The flexibility of Dr. Tsang’s new CRISPR technique suggests it might also work on non-dividing adult cells (like those in the eyes, brain, or heart), not just dividing cells, as had previously been the case. That would mean Dr. Tsang’s technique could be used to do genome-therapy on hundreds of inherited diseases, including those such as Marfan syndrome, Huntington’s disease, and corneal dystrophy.
“It would be the same approach: ablate and replace,” Dr. Tsang explains. “If we can prove it works in the eye, we believe the people in neurology for Huntington’s and cardiology for Marfan can apply it as well.”
An Eye Toward Human Trials
With his successful study of CRISPR genome-therapy on mice already completed, Dr. Tsang is looking forward to his next step. “Now that we’ve conducted studies in small animals, we have to show that it’s safe in large animal models,” he says. “Then, the hope is to start human trials in about 3 years.”
Still, Dr. Tsang doesn’t see CRISPR as a panacea for the universe of inherited diseases. “When cells are already dead, you need more of a stem cell approach. Our approach with CRISPR surgery is not to replace dead cells but to improve sick ones.”

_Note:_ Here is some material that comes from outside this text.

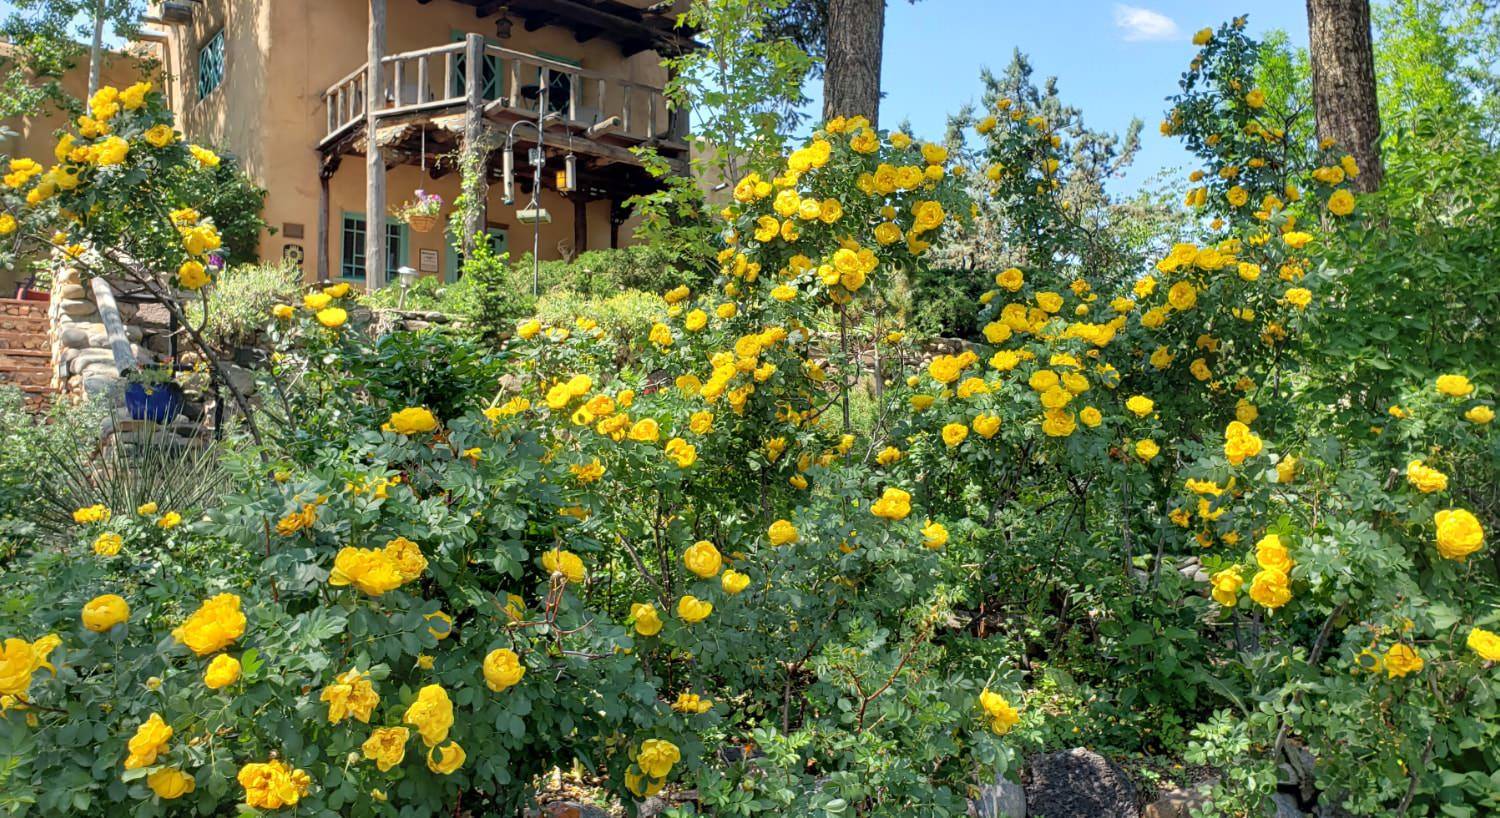 Close up view of yellow rose bushes with the property in the background

Which is not to say Dr. Tsang is anything other than a huge fan of CRISPR. “This is absolutely a revolution in medicine,” he concludes, “and ophthalmology is leading the way.”
REFERENCE
Tsai YT, Wu WH, Lee TT, et al. Clustered regularly interspaced short palindromic repeats-based genome surgery for the treatment of autosomal dominant retinitis pigmentosa. Ophthalmology. 125(9):1421-30.